▶ [Entries shown]
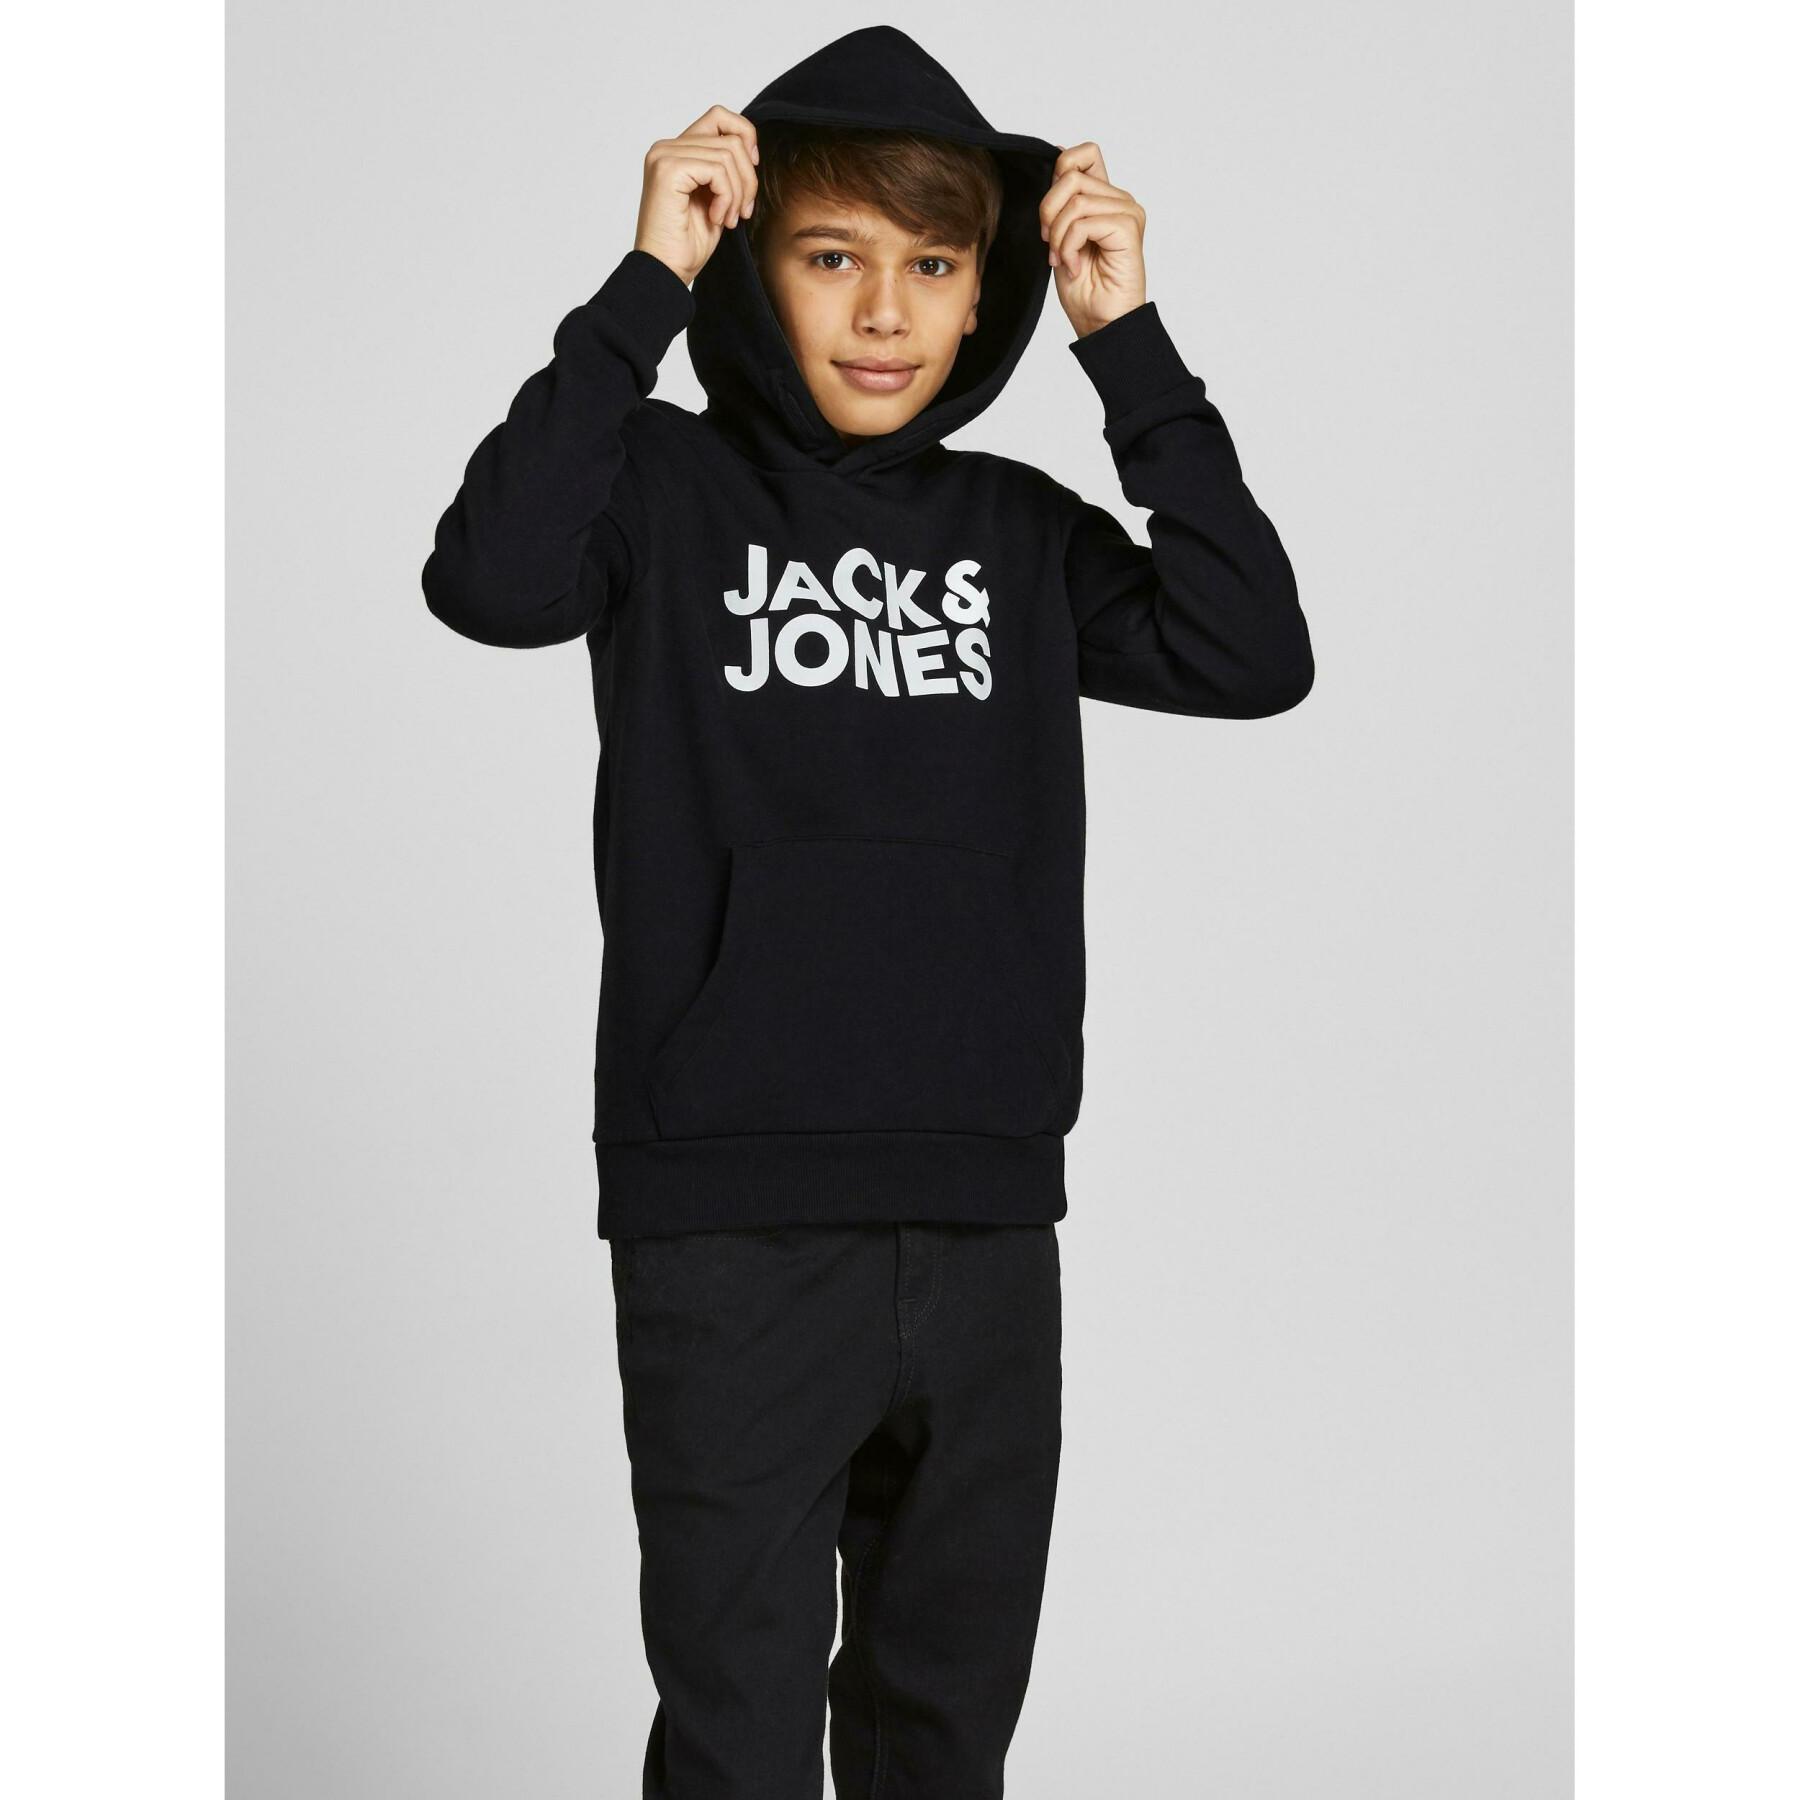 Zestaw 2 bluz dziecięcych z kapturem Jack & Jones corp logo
--
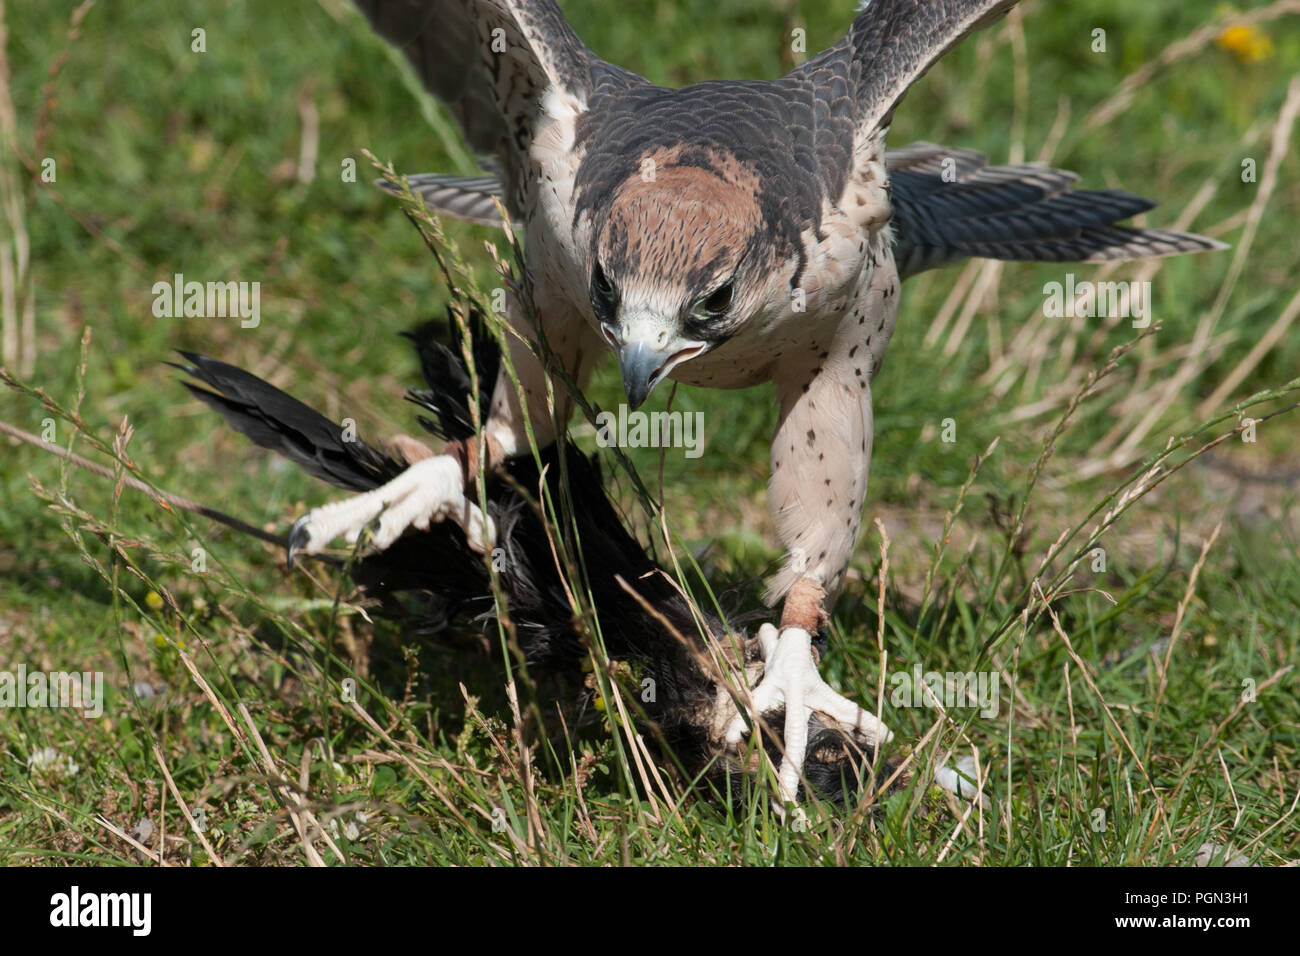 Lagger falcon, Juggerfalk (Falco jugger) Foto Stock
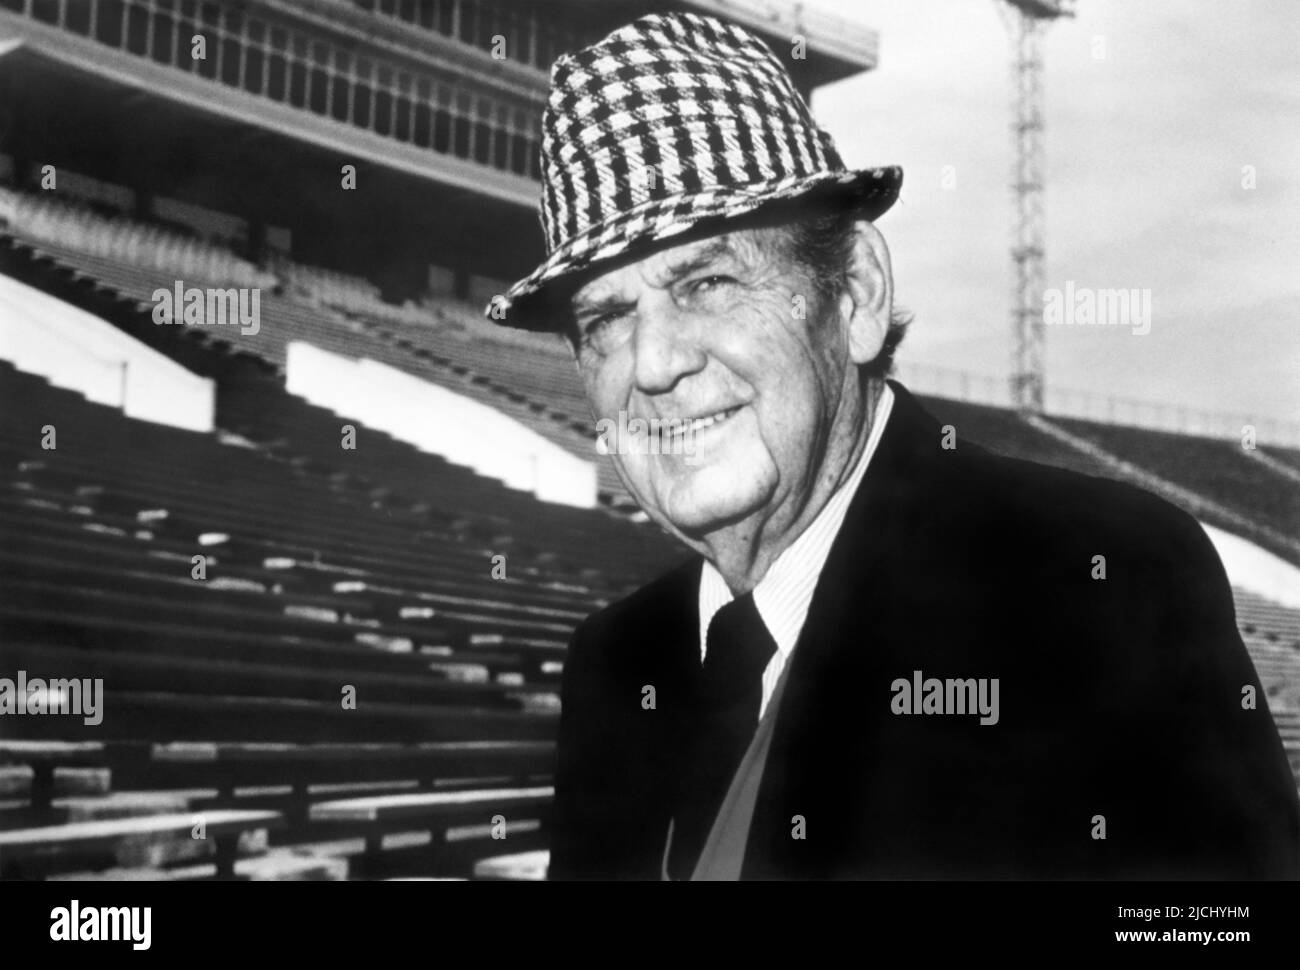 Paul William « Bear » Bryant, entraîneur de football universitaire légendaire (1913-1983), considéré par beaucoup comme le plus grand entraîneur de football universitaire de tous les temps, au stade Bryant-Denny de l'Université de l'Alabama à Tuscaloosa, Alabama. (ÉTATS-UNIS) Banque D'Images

▶ [Problem] Each line above that falls between the line with "Lagger falcon, Juggerfalk" and the line with "(ÉTATS-UNIS) Banque D'Images" should be printed exactly, together with those two lines, but the pictures should not.

▶ [Output of the task]
 Lagger falcon, Juggerfalk (Falco jugger) Foto Stock
 Paul William « Bear » Bryant, entraîneur de football universitaire légendaire (1913-1983), considéré par beaucoup comme le plus grand entraîneur de football universitaire de tous les temps, au stade Bryant-Denny de l'Université de l'Alabama à Tuscaloosa, Alabama. (ÉTATS-UNIS) Banque D'Images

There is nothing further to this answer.